Unreliable vendors

Throughout my careers I have had to deal a lot with vendors, be that infrastructure, services, ... and one thing shines through, when you rely on someone else it is best to assess the impact of said vendor and have your contingency plans.

This post is in no way shape or form intending to talk about any vendor, it will mainly be an attempt to convey my perspective on how I have dealt with the issue of Unreliable vendors. When you are running a service, it's easy to shift blame to your vendor for being down or introducing a bug but you are responsible for the choices of your product. Let that sink in, we can't just shift accountability to a third party.

Reduce impact

One of the most important things would be reducing the impact of a third party having downtime. When my billing provider is down should unrelated API Calls that happen to have a level of overlap go down? No, they really shouldn't we should optimise for providing service without that x% of our API surface not working.

In the GraphQL world this could be done by i.e. having that part of the API response be nullable and providing an appropriate GraphQLError to highlight that billing is currently not available.

Reducing impact is ofcourse not possible for every vendor, if your infrastructure goes down well... You can convey that to your user but the impact will be hard to reduce.

Fallbacks

Another common thing might be having a fallback, a slower read-only database or another infrastructure provider deployed in parallel that just requires a DNS switch. A lot of these things can be controlled with little switches and should be as automatic as possible.

One example of this could be that you have a distributed KV store that sometimes goes down, when it does go down you fallback to some blob storage like S3 to get the data you need... Yes it will be slower but your customers won't be impacted.

A fallback will be a tradeoff to ensure resilience and create uptime guarantees.

Optimise for reproduction

One last thing we can do is optimise for reproduction, a vendor does not neccesarily go down... They might just introduce a bug in their systems which introduces unexpected interactions. For this case I have personally started thinking about optimising for reproductions.

It's very hard to contextualise what kind of customer you are, are you doing the most basic thing with their software or are you living on the bleeding edge. Are you the only one impacted by a certain issue or are more people affected but is just not that much of a problem for them?

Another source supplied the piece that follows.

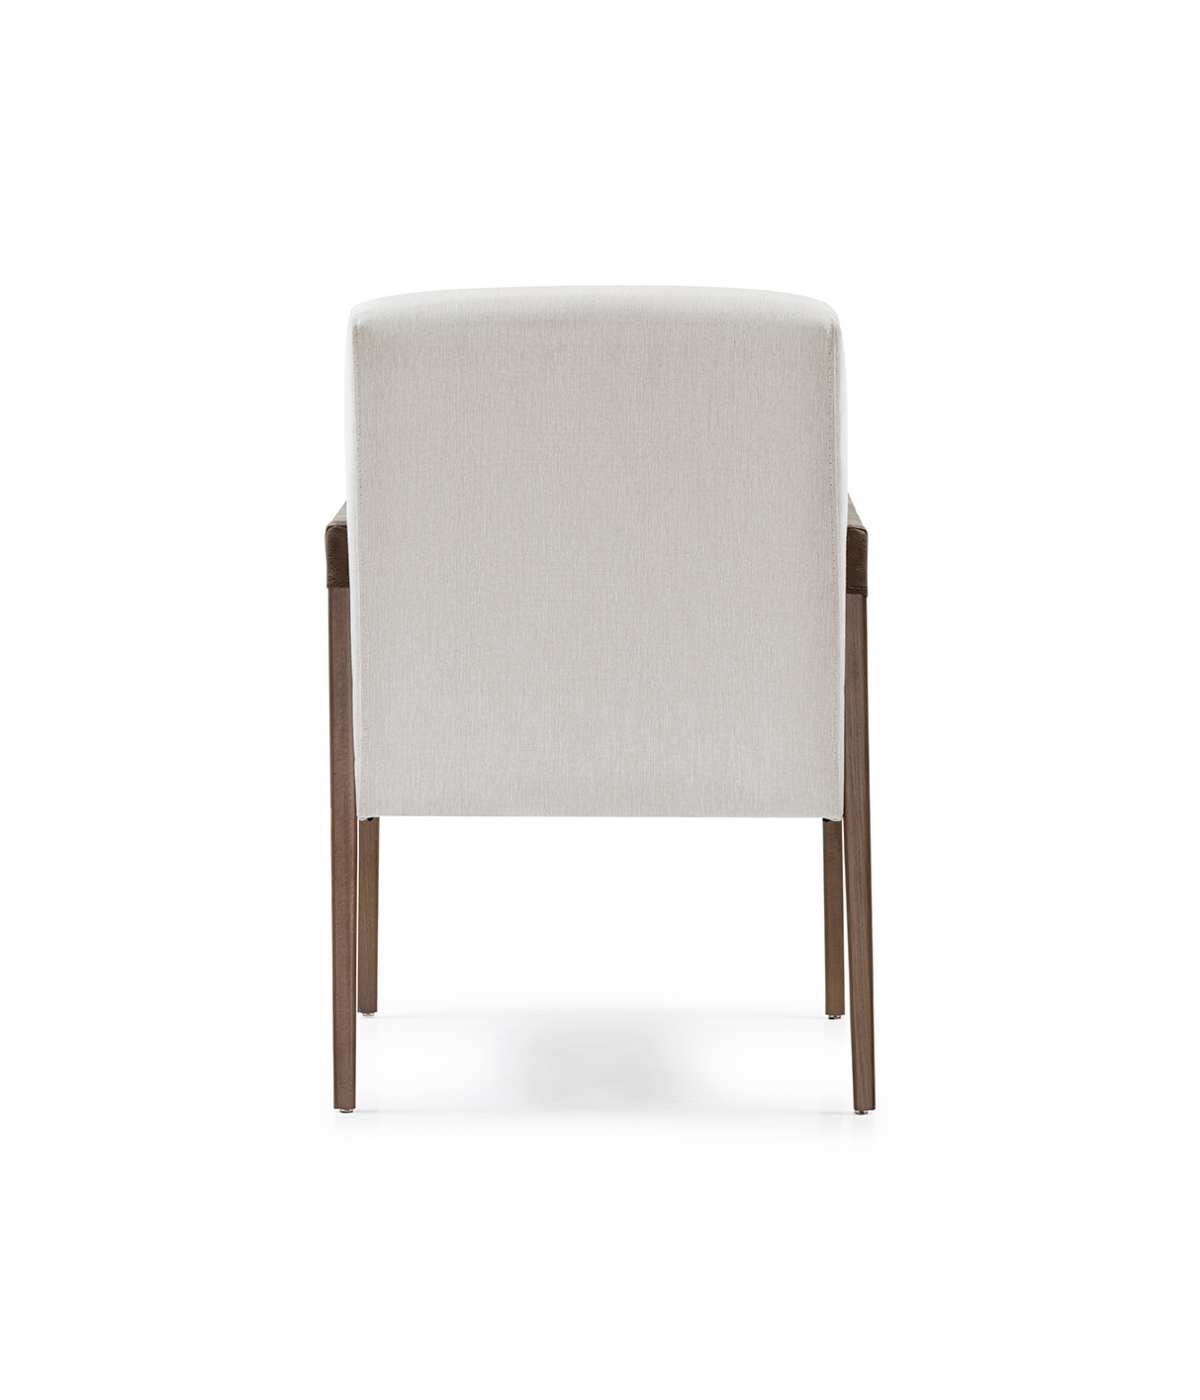 Back View Anah Dining Chair - Cream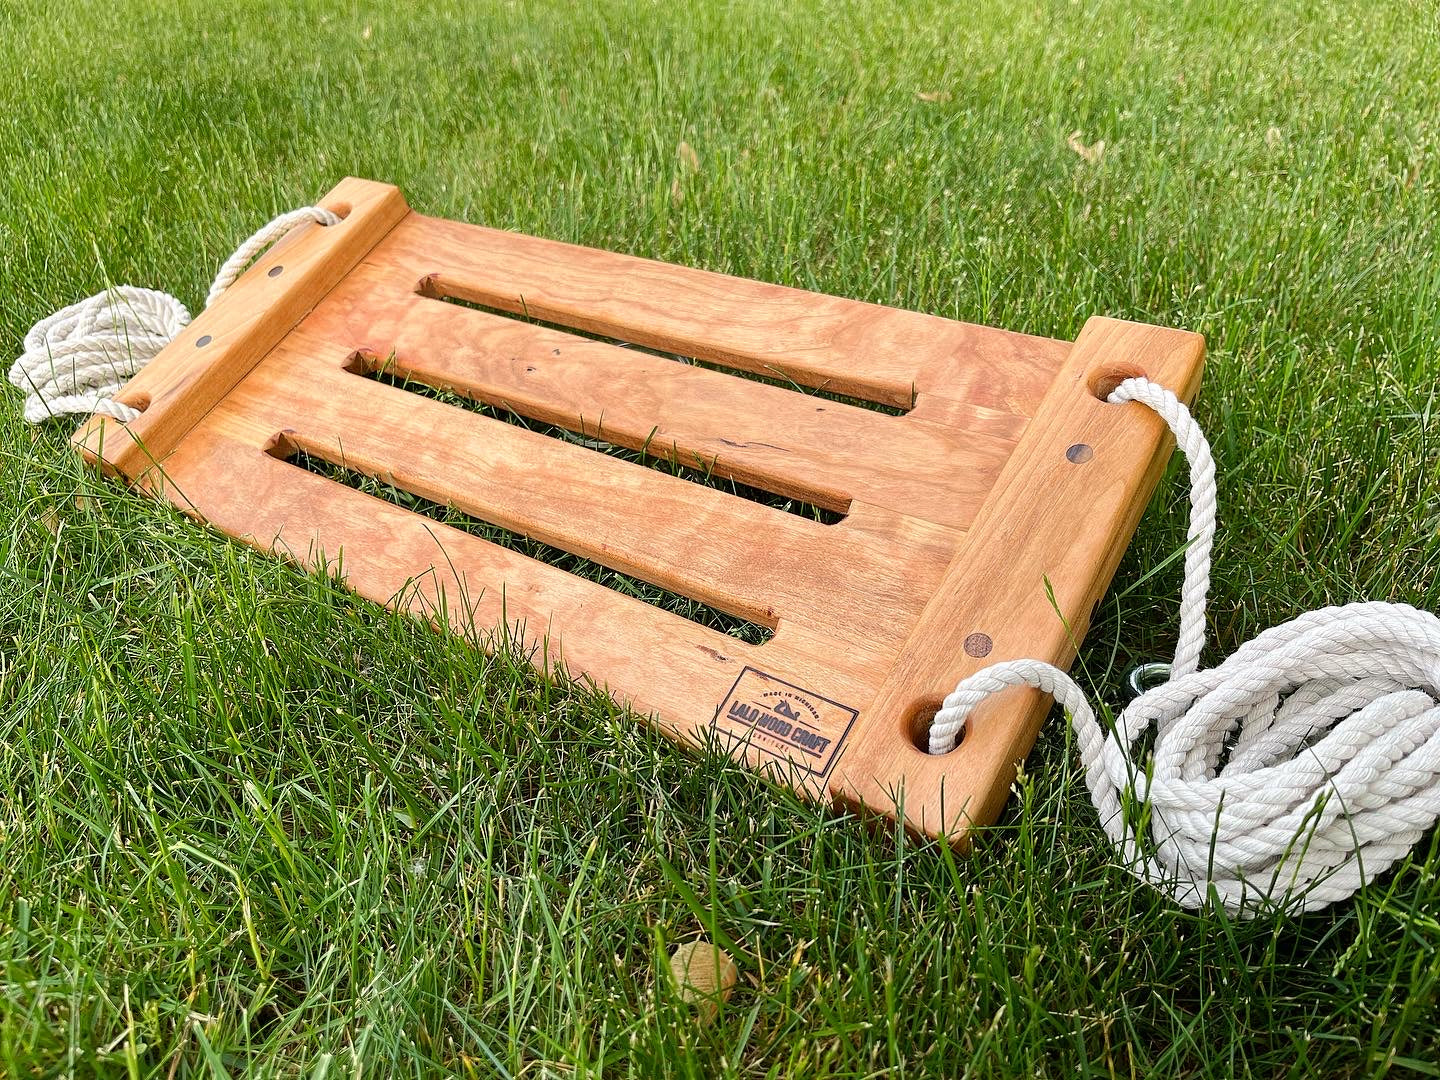 Swing seat with hanging straps

In whatever bucket you fall here, optimise for reproduction, try to have some tool that generates all of the contact points with the third party provider so you can give all of the URL's, SDK calls,.. to their support team to show the issue.

For infrastructure providers I feel this is really crucial, being able to either spin up some piece of infrastructure that highlights the behavior in isolation is crucial for them to understand what part of their (distributed) system is buggy.

None of this is easy and building for resilience takes deep knowledge of what you're building and what your most critical pieces are but... It's better than having to blame your vendors at every incident.

All of this doesn't need to be isolated to vendors, heck optimising for reproduction might as well be applied to open-source.